▼▼▼

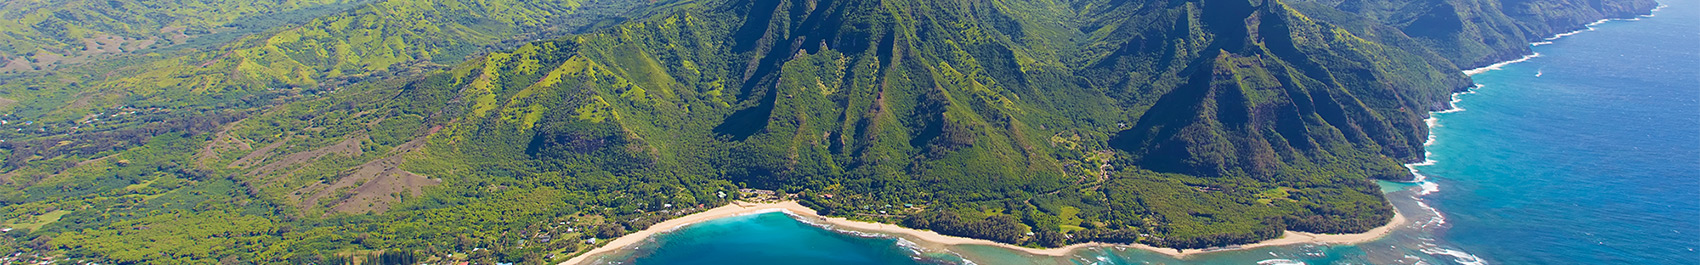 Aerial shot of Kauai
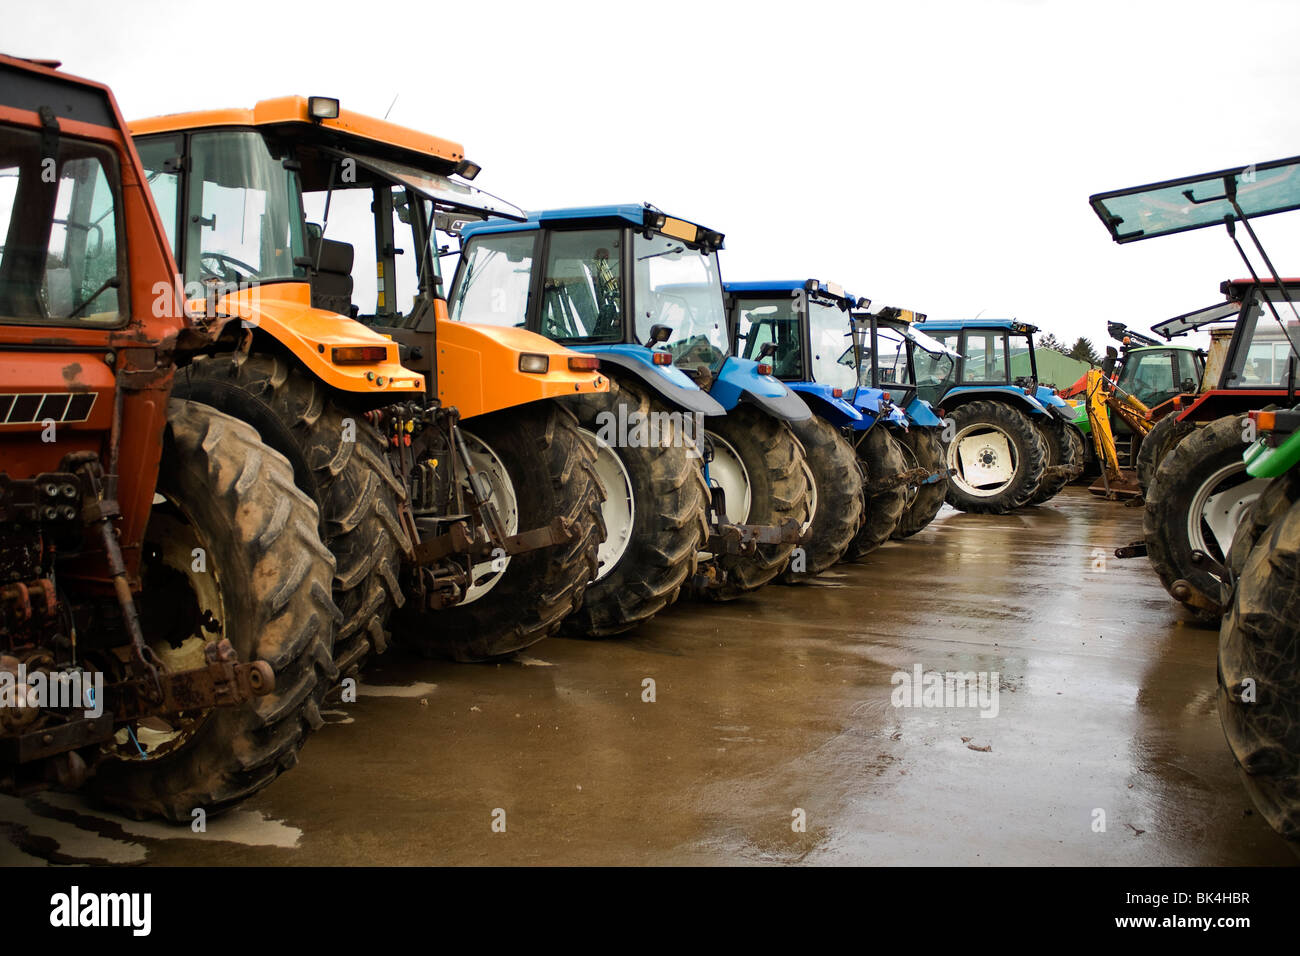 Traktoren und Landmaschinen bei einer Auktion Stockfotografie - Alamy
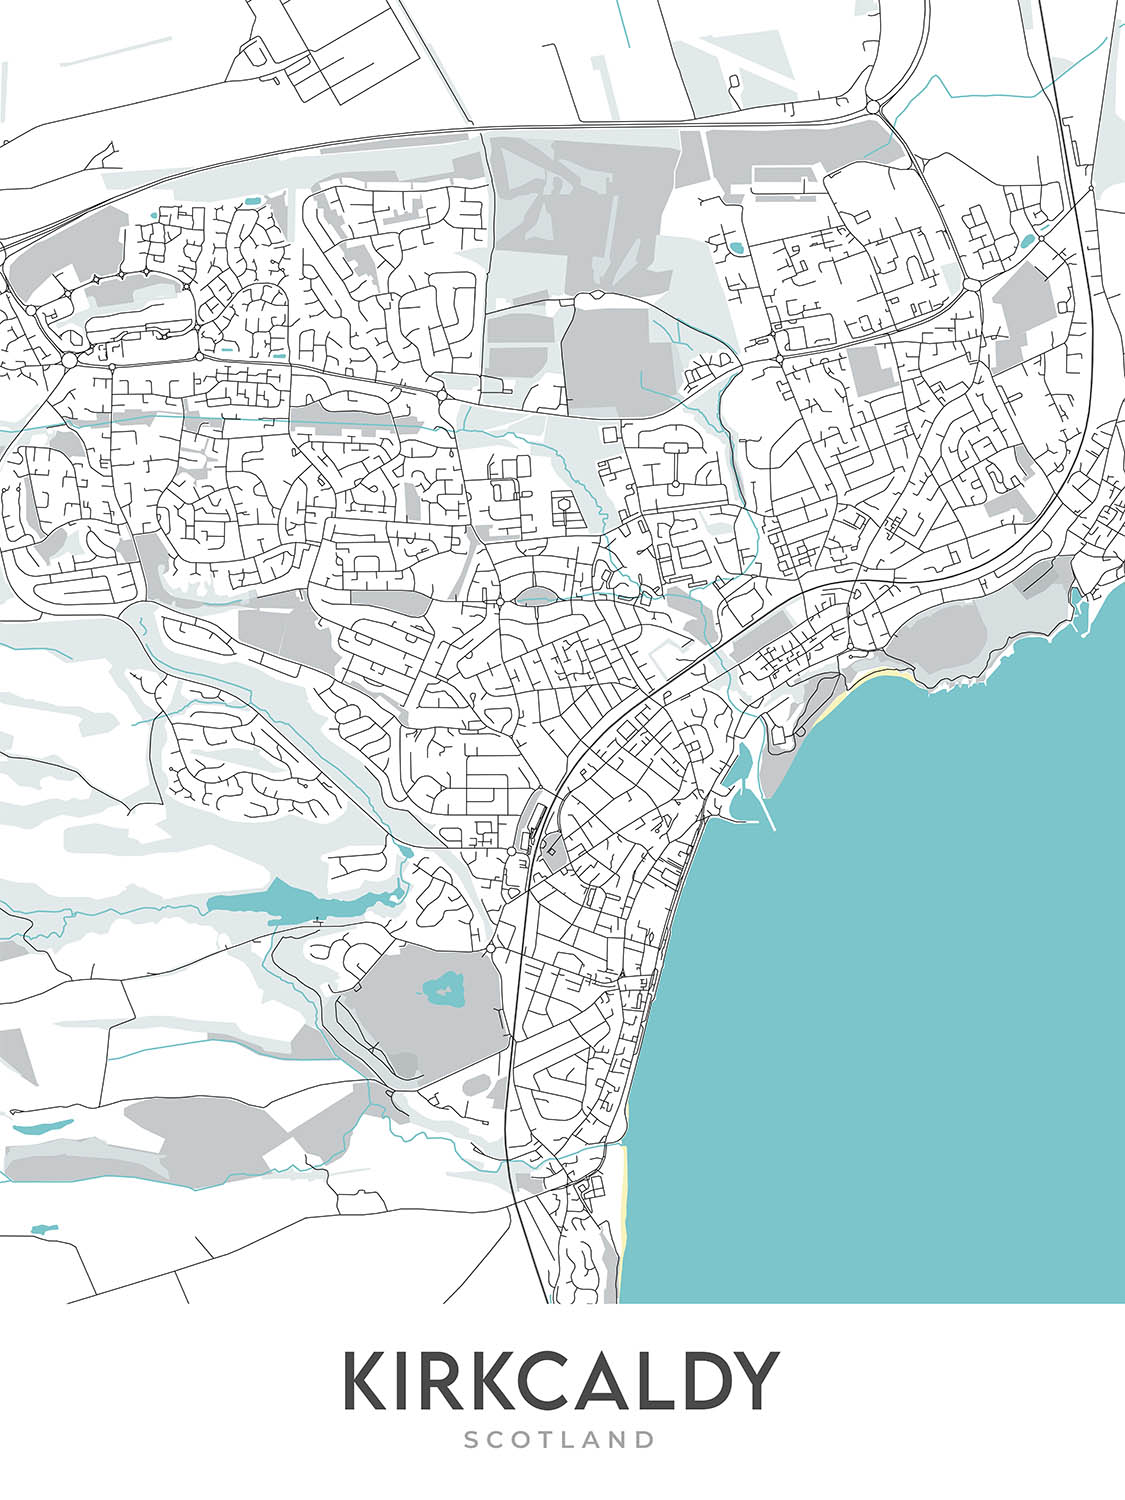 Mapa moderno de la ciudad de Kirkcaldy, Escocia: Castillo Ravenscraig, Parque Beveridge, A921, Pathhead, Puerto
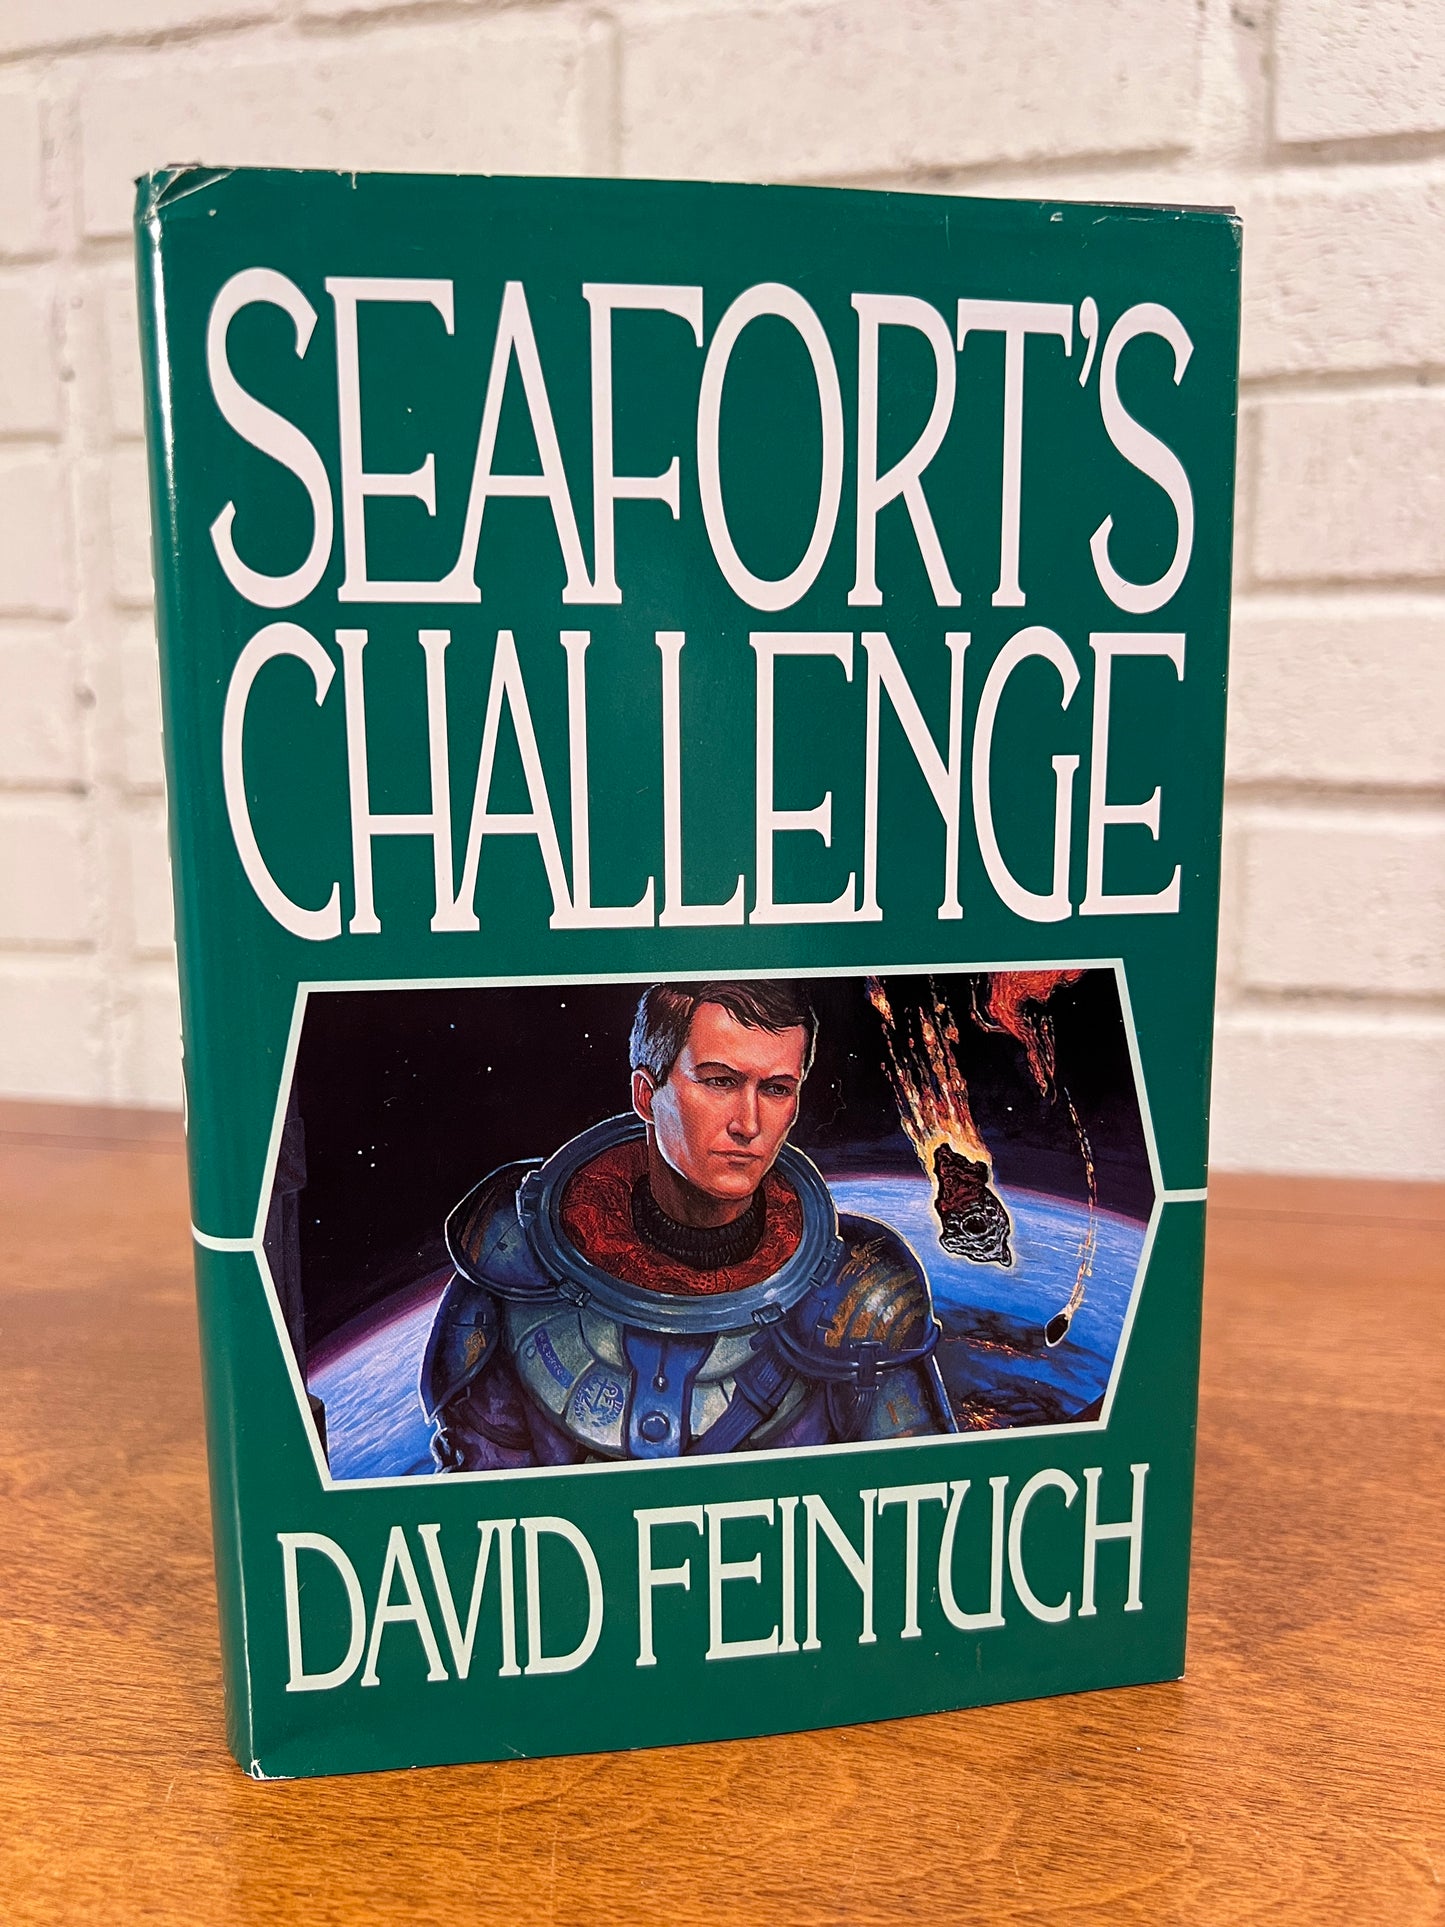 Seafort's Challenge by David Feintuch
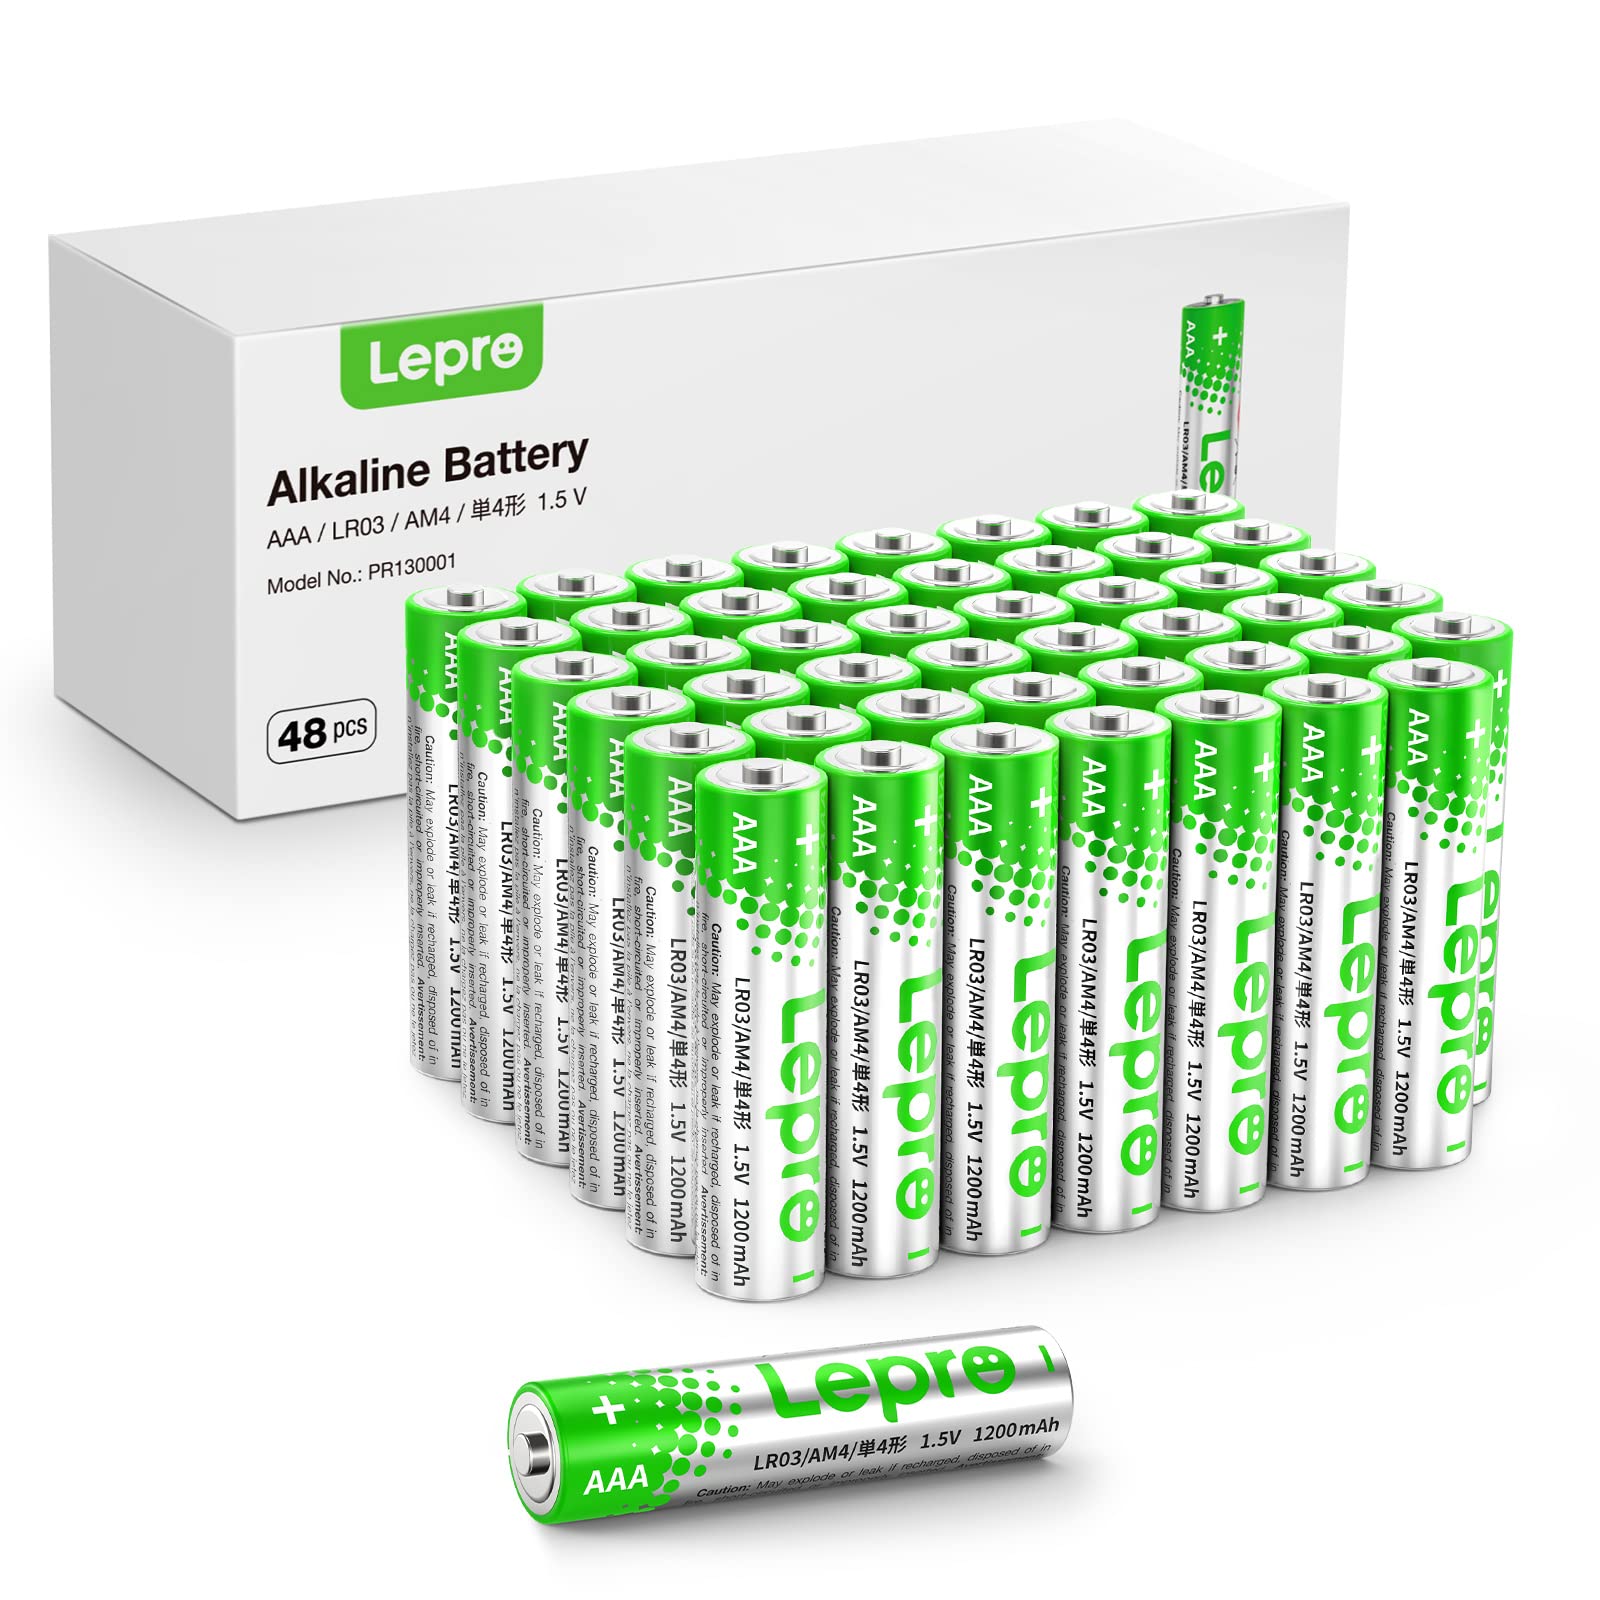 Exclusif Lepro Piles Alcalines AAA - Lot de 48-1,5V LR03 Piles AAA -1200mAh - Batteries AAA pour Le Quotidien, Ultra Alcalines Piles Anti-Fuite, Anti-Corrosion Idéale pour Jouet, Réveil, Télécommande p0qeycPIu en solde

▲▲▲

Task ▸ Please write out every entry exactly, but skip the pictures.

Written response ▸
 Aerial shot of Kauai
 Traktoren und Landmaschinen bei einer Auktion Stockfotografie - Alamy
 Mapa moderno de la ciudad de Kirkcaldy, Escocia: Castillo Ravenscraig, Parque Beveridge, A921, Pathhead, Puerto
 Seafort's Challenge by David Feintuch
 Exclusif Lepro Piles Alcalines AAA - Lot de 48-1,5V LR03 Piles AAA -1200mAh - Batteries AAA pour Le Quotidien, Ultra Alcalines Piles Anti-Fuite, Anti-Corrosion Idéale pour Jouet, Réveil, Télécommande p0qeycPIu en solde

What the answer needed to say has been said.